Following PFA fixation, cells, muscles section or myofibers were washed three times with 1X PBS, then permeabilized and blocked at the same time with buffer containing 0.025% Tween20 for myofibers and 0.2% Triton X-100 for cells and sections. For PAX7 staining, sections were permeabilized with cold methanol, antigen retrieval was performed in boiling 10 mM citrate buffer pH 6 (Dako; #S2369) for 30 min and sections were incubated 30 min with Fab antibody. Samples were then incubated overnight at 4 °C in 2.5% BSA in 0.025% Tween20 buffer with primary antibodies listed in Appendix Table S2. Samples were washed 3 times with 0.025% PBS-Tween20 and incubated with Alexa-conjugated secondary antibodies listed in Appendix Table S2 (Life Technologies, 1/1000e) for 1 h. After washing 3 times with 1X PBS, DAPI (Sigma-Aldrich, 1/5000e) was added for 5 min at room temperature. Samples were washed 3 times with 1X PBS and slides were mounted with Fluoromount-G medium (Interchim; #FP-483331).

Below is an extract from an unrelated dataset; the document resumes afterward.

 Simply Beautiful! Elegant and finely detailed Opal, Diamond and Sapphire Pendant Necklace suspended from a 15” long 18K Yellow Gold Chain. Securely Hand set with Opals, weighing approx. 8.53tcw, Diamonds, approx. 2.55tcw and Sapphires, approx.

The staining for succinate dehydrogenase (SDH) activity was performed as previously described (Walmsley et al, 2017).

Confocal images were acquired with a Zeiss LSM800 confocal (Zeiss) or a Zeiss AxioImager D1 microscope (Zeiss) for representative pictures and analyzed with Zen Blue 2.0 software. Blinded counting was performed using ImageJ (version 1.47v; National Institutes of Health, USA, https://imagej.net).

Tissue collection and clearing

In some experiments, mice have been retro-orbitally injected with lectin Dylight 649 (50 µl, 1 mg/ml, Life Technologies Supply; #L32472) 30 min before sacrifice.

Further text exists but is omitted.